On Standards, the Mega-Rich and: “I'd rather not talk about money. It's kind of gross.”
-- Barbra Streisand, dodging a question about what she was paid to direct and star in The Mirror Has Two Faces

On Disco Music, Importance of: “God had to create disco music so that I could be born and be successful.”
-- Donna Summer, disco singer

On Giving It Your All: “I think we played hard, but it was a lackadaisical hard.”
-- New Jersey Nets guard Otis Birdsong on why his team had lost an NBA contest

On Hostage-Taking, Fun For All: “[Being taken hostage is] an adventure for the tourist, because the tourist will end up learning about the customs of the tribes as well as their good hospitality.”
-- Abdullah Ahmar, speaker of Yemeni parliament, on the practice of taking foreign visitors hostage

On Acting, Jean-Claude Van Damme's Interesting Insights On: “In an action film you act in the action. If it's a dramatic film you act in the drama.”-- Jean-Claude Van Damme, interviewed on “Lifestyles of the Rich & Famous”
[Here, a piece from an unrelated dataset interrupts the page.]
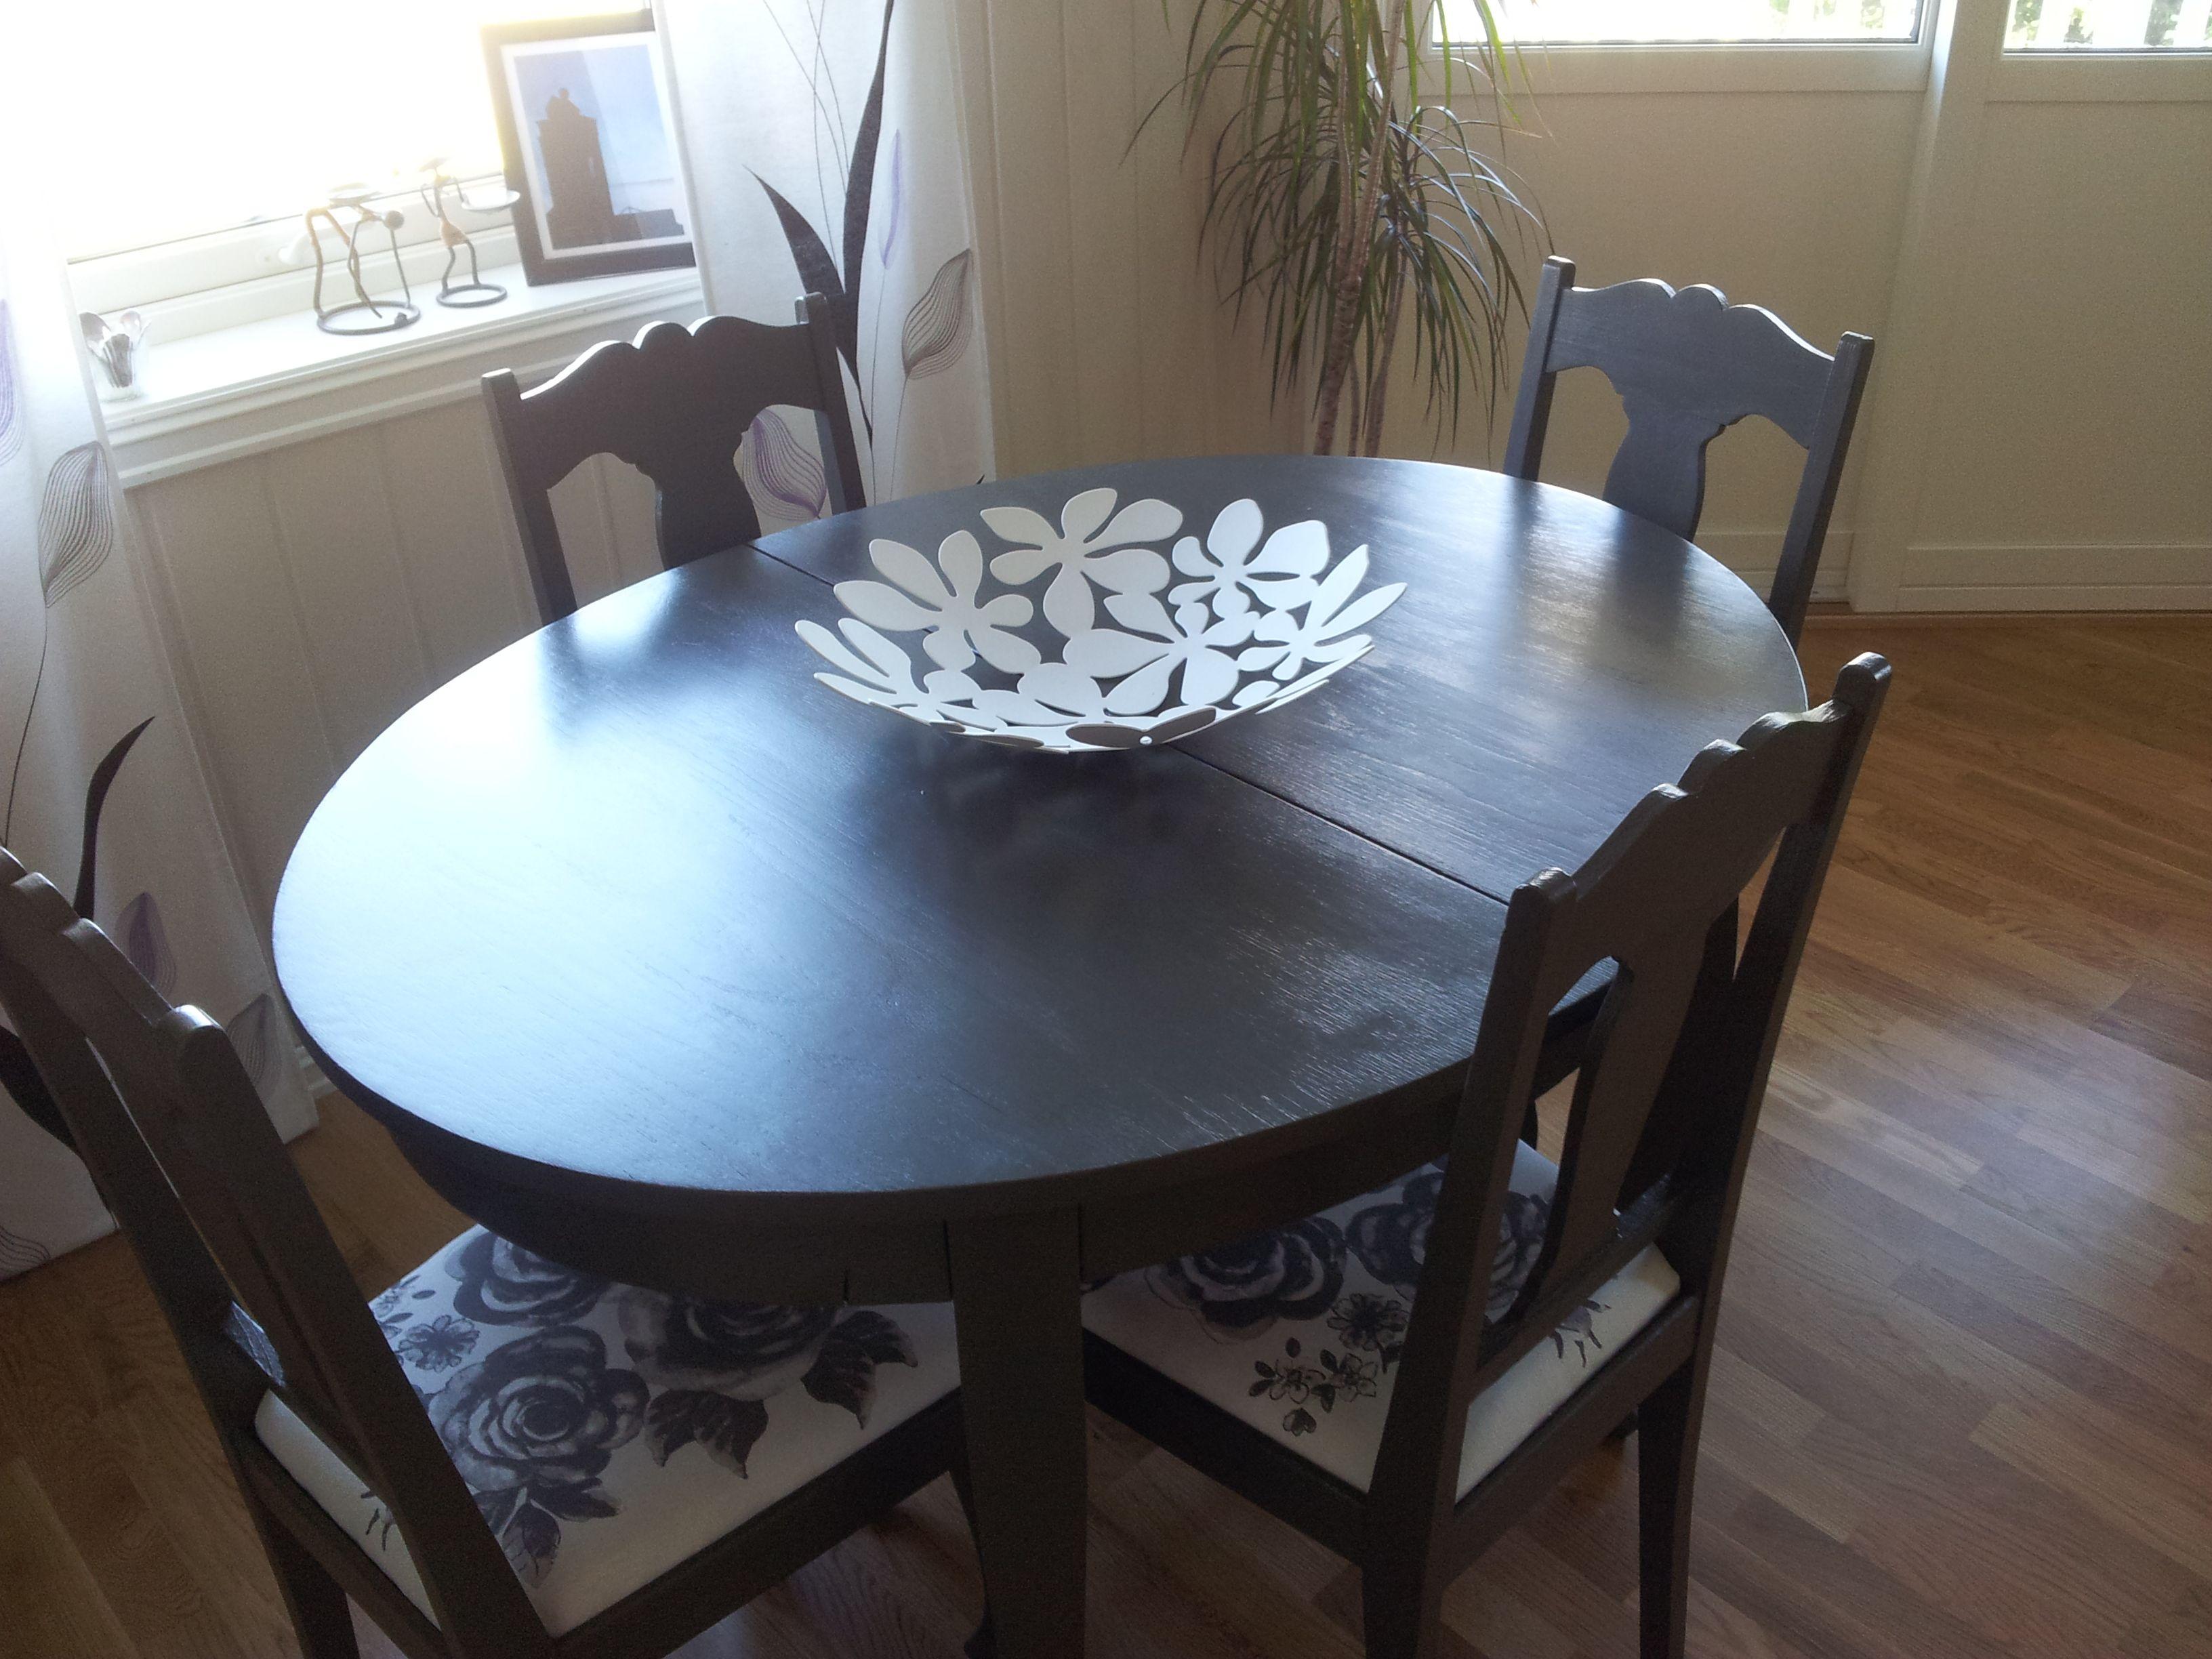 Kjøpte gammel og sjarmerende spisestue og malte den i fargen Elegant 1434 S7502 - Y. Fatet og blomstrete tekstilstoff er fra Ikea

On Segues, Unfortunate: “Speaking of animals, he married his wife, Suzanne, when he was in college.”
-- Mike Leavitt, governor of Utah, introducing Senator Larry Craig

On Book Reviews, Cogent: “It's a very good historical book about history.” -- former vice president Dan Quayle, about Paul Johnson's Modern Times

On Civics Lessons, Vice Presidential: “There are lots more people in the House. I don't know how many exactly-I never counted but at least a couple hundred.”
-- former vice president Dan Quayle, attempting to explain the difference between the House and the Senate

On Earth, Where Found:“ [It's] time for the human race to enter the solar system.”
-- former vice president Dan Quayle, on the concept of a manned mission to Mars.